DATA SHOWN —
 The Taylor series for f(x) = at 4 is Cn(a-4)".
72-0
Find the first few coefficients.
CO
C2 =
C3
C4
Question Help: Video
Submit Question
--
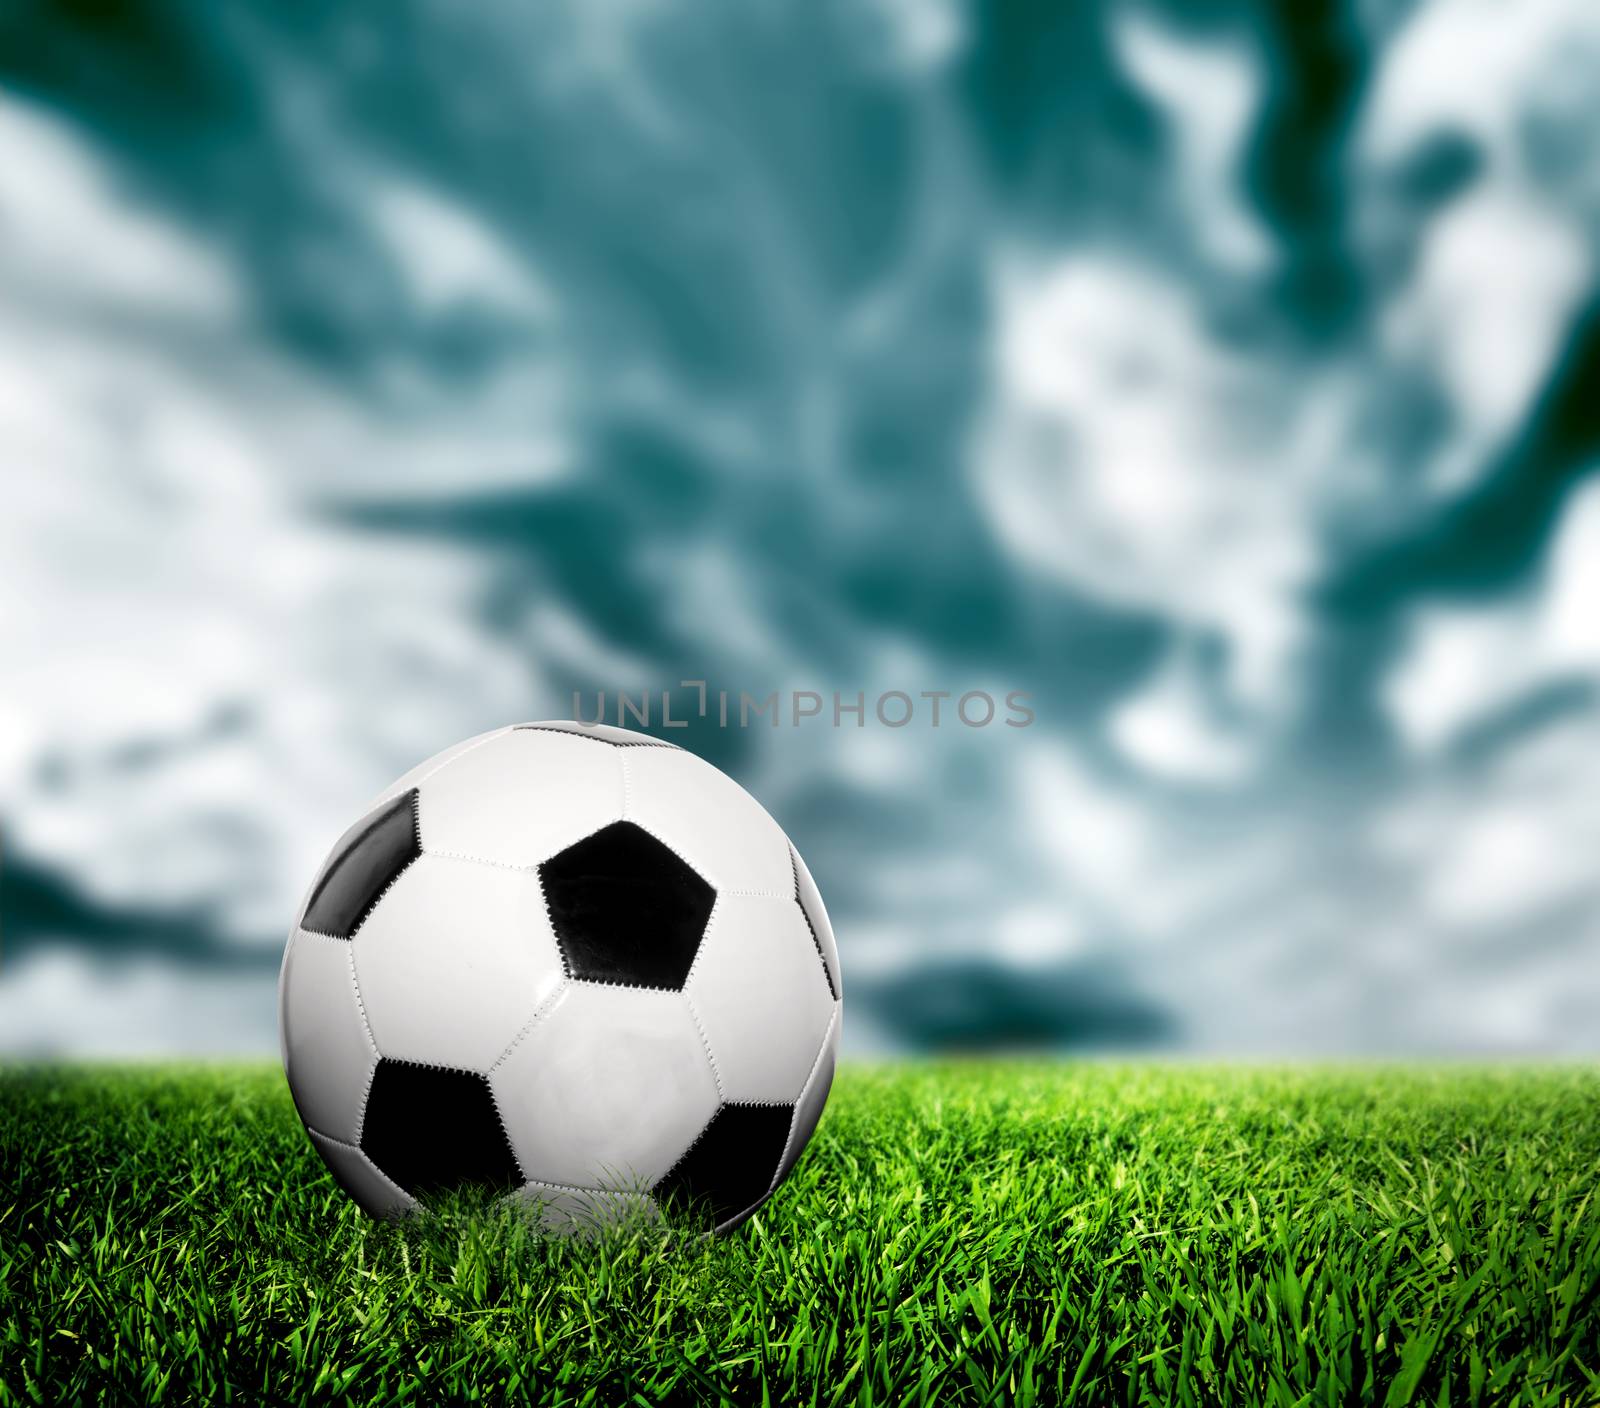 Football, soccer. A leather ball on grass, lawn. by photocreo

PROMPT — A single number is the whole answer: the count of lines above that hold "Question".

SOLUTION — 2